%%

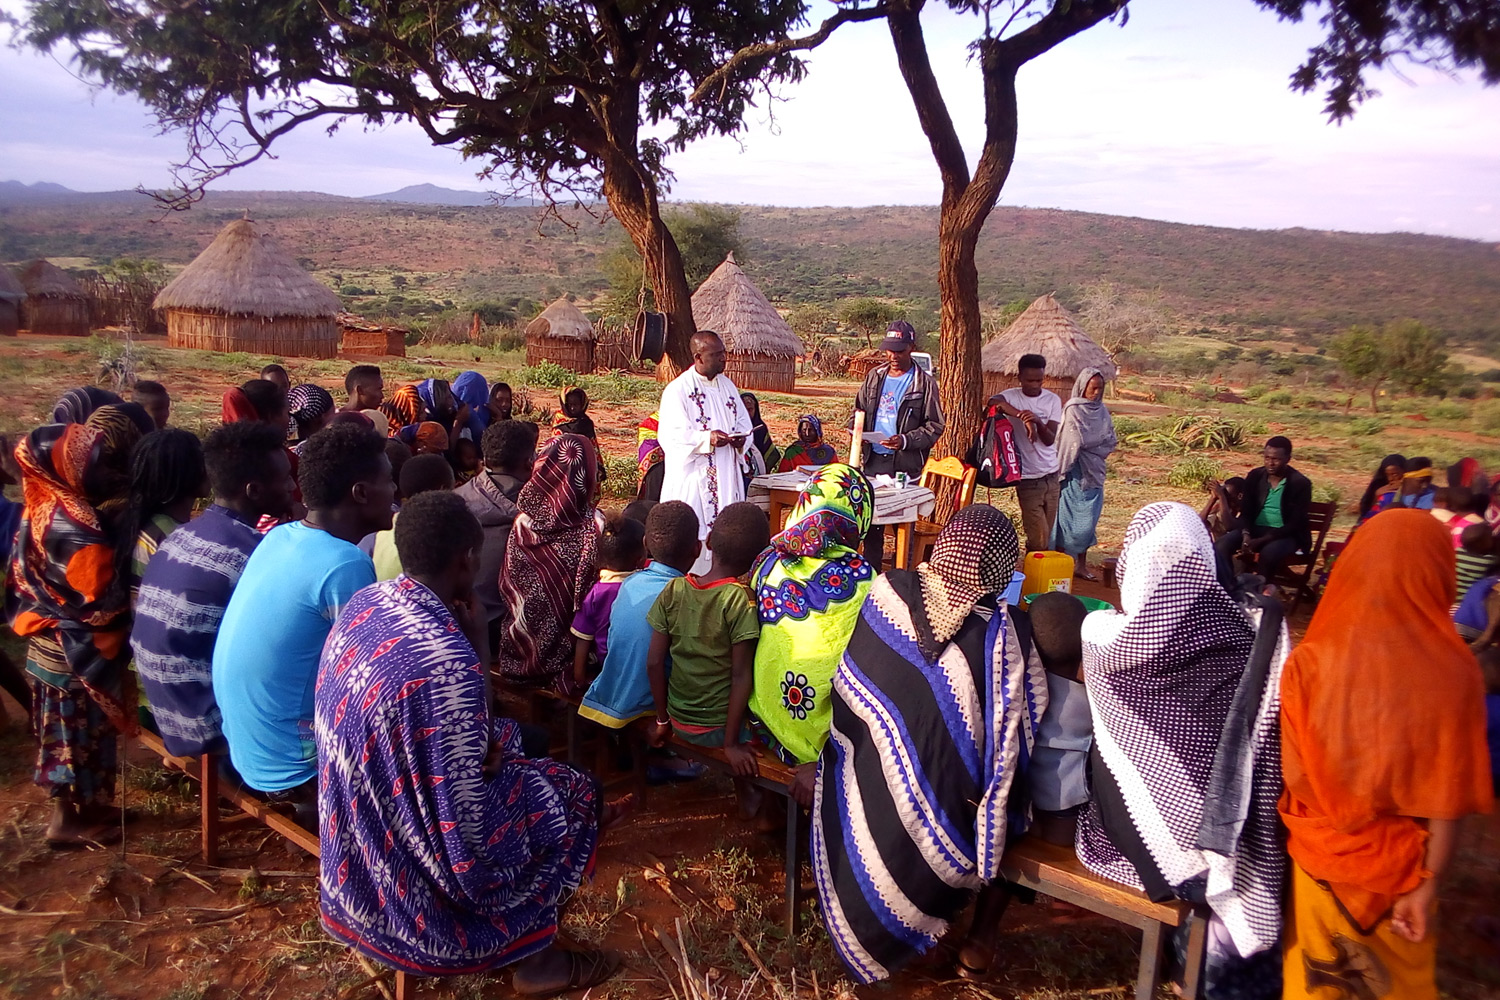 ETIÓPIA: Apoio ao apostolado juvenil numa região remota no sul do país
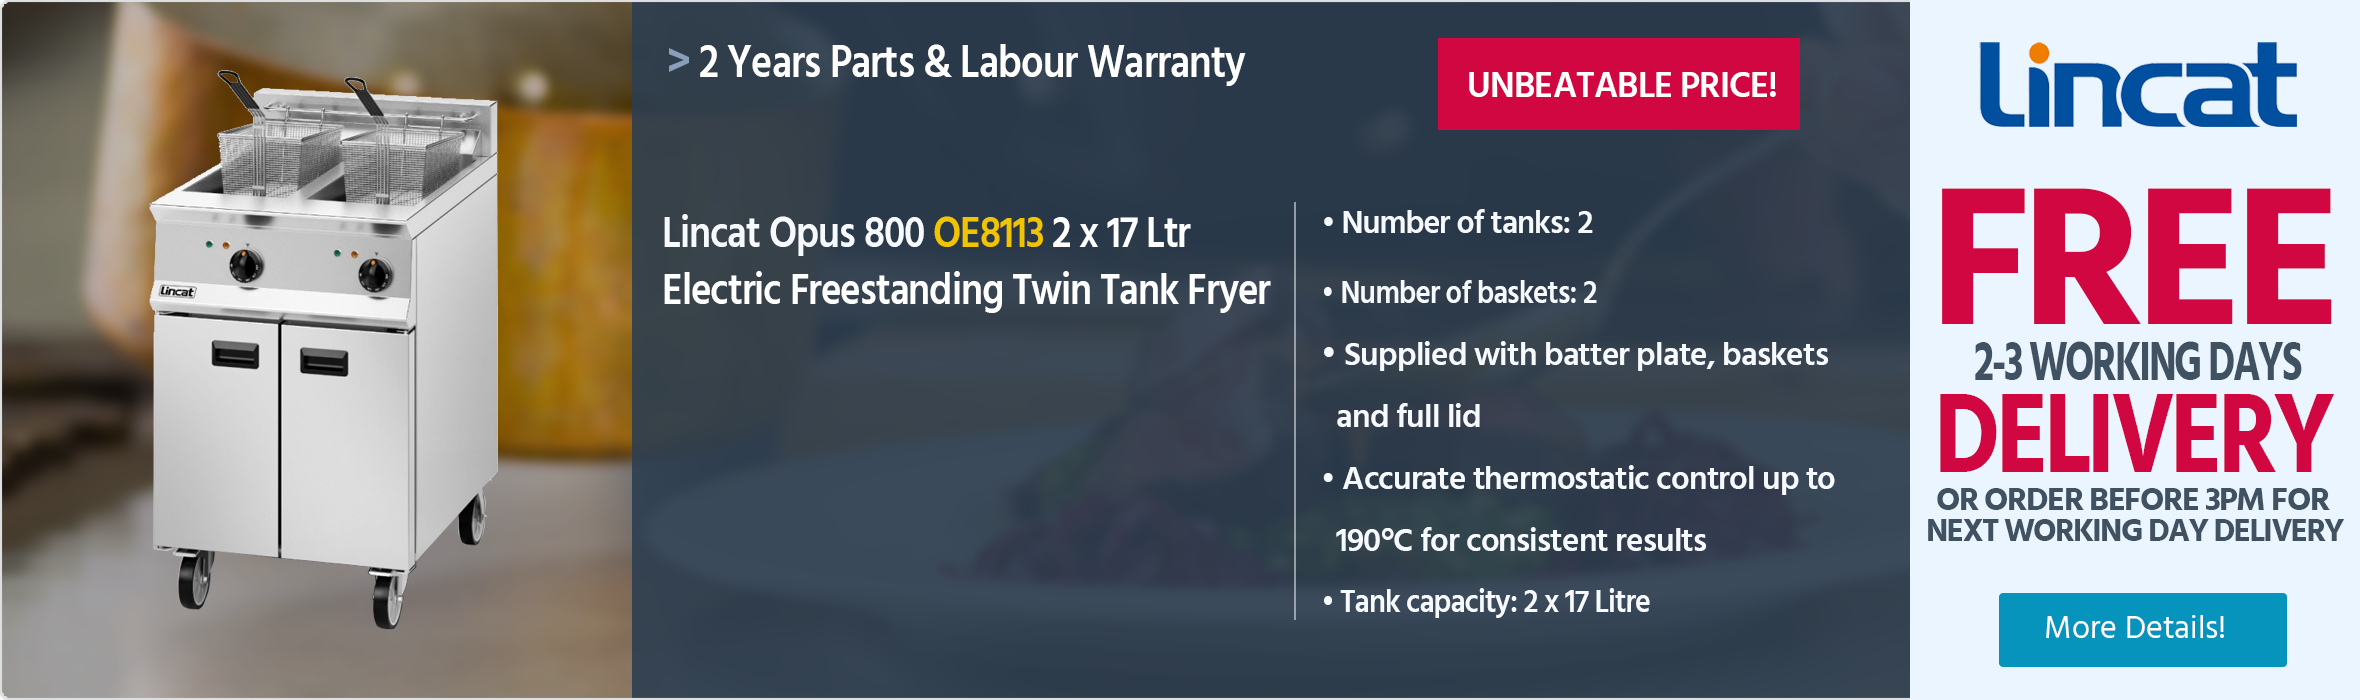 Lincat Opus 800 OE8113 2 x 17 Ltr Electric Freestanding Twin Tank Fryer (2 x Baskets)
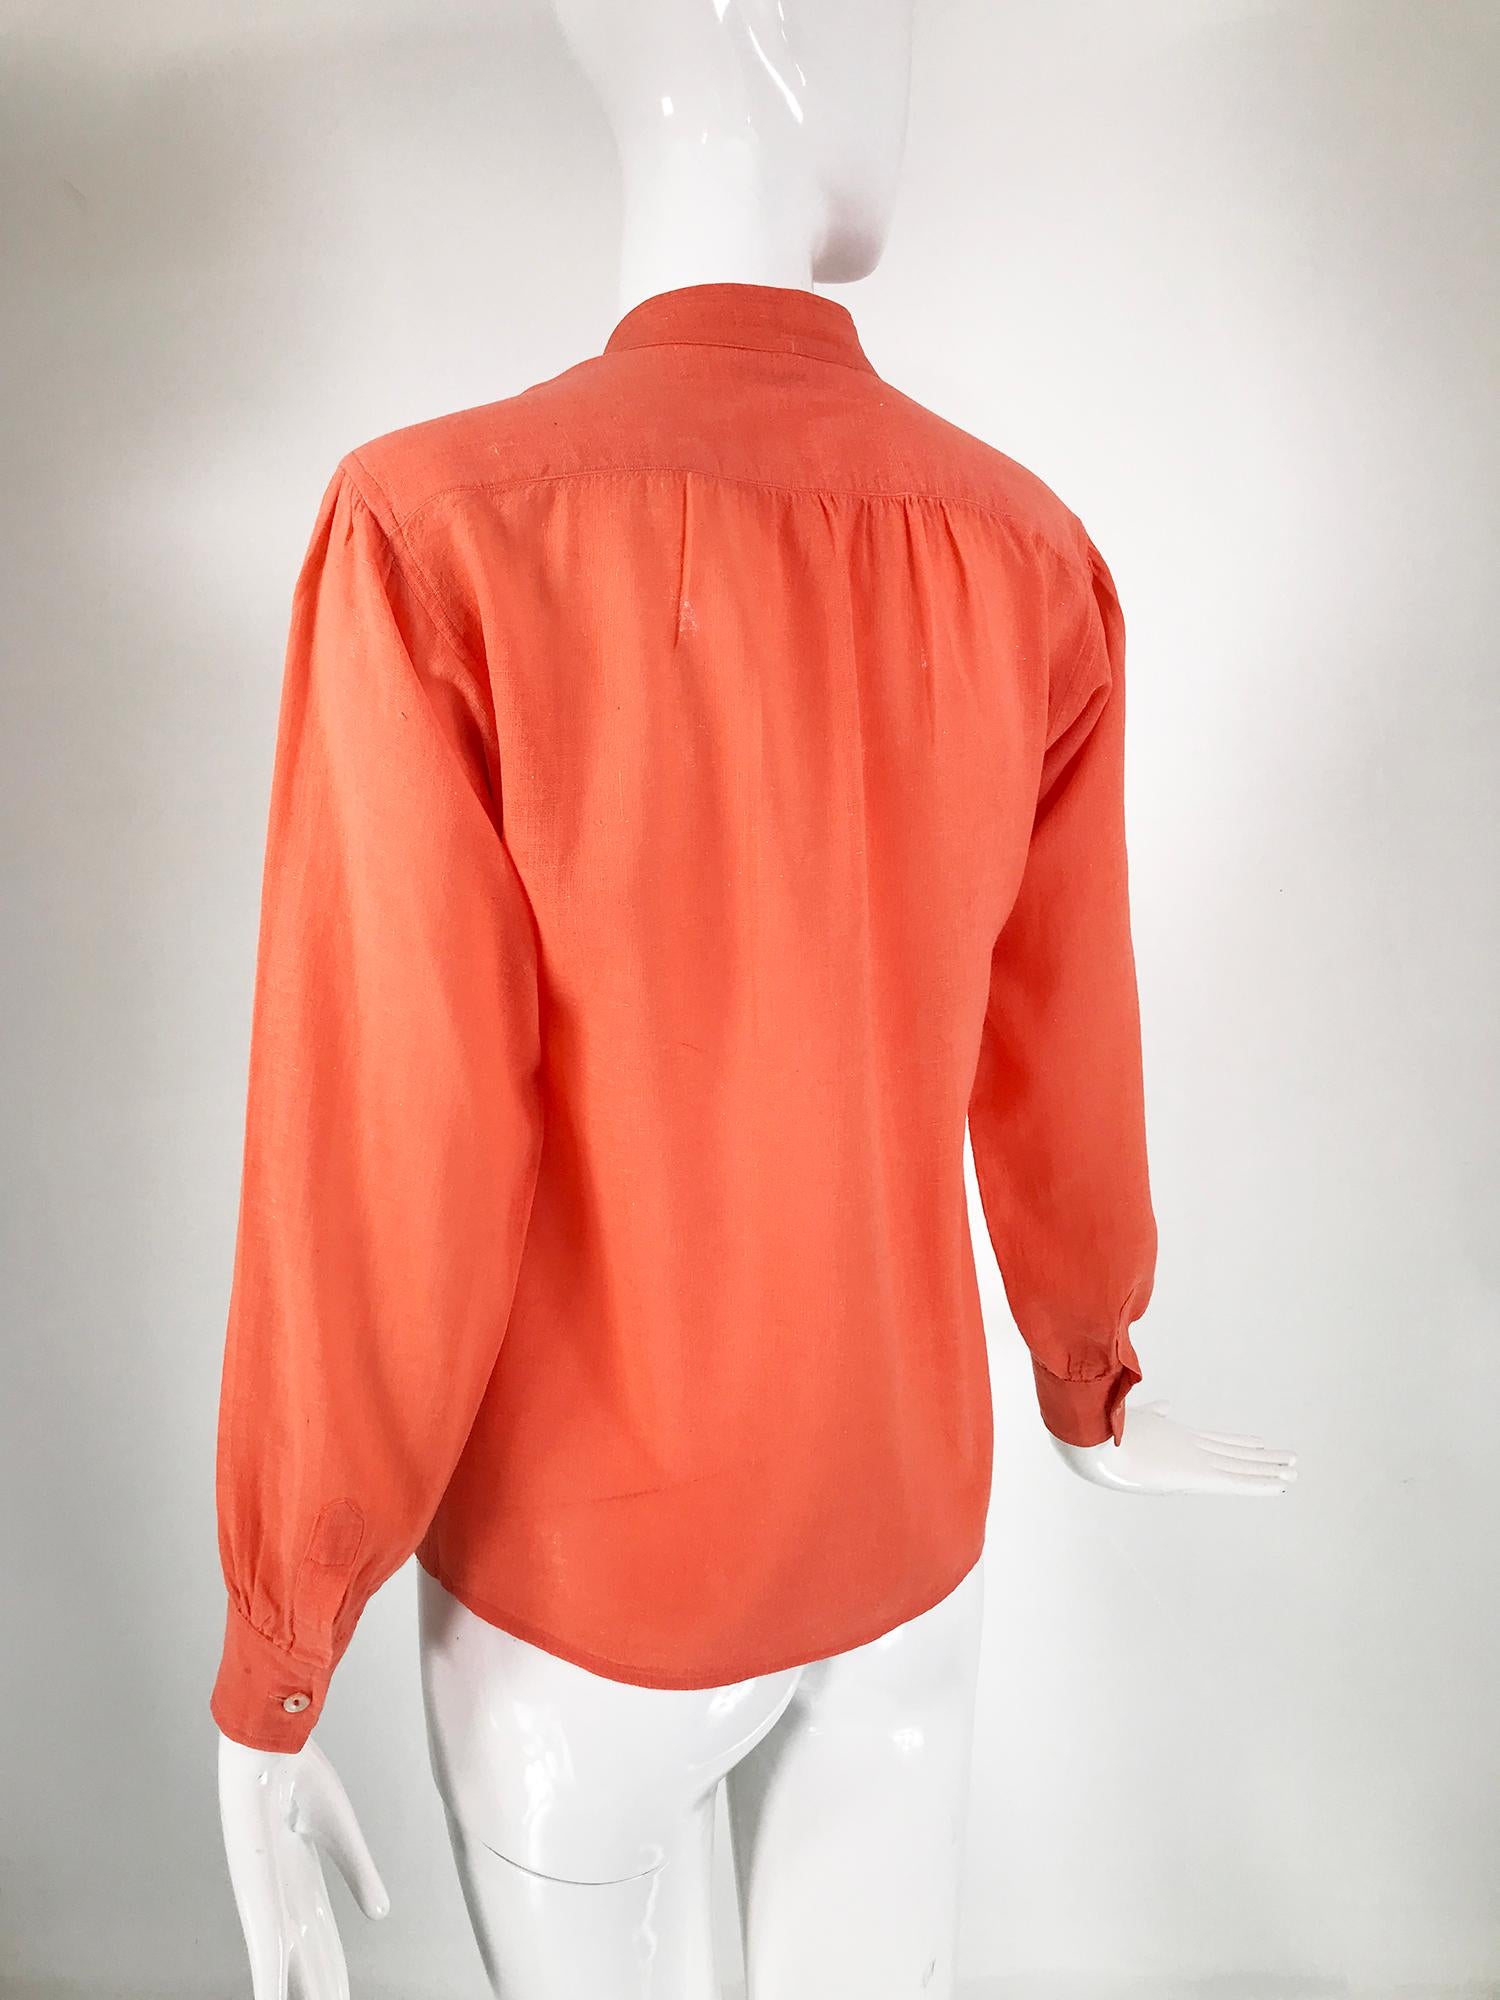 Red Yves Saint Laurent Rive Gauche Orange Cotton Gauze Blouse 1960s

%%

— Exercise objective —
The expected output is every line of the data, unchanged, with the pictures skipped.

— Task result —
 ETIÓPIA: Apoio ao apostolado juvenil numa região remota no sul do país
 Lincat Opus 800 OE8113 2 x 17 Ltr Electric Freestanding Twin Tank Fryer (2 x Baskets)
 Red Yves Saint Laurent Rive Gauche Orange Cotton Gauze Blouse 1960s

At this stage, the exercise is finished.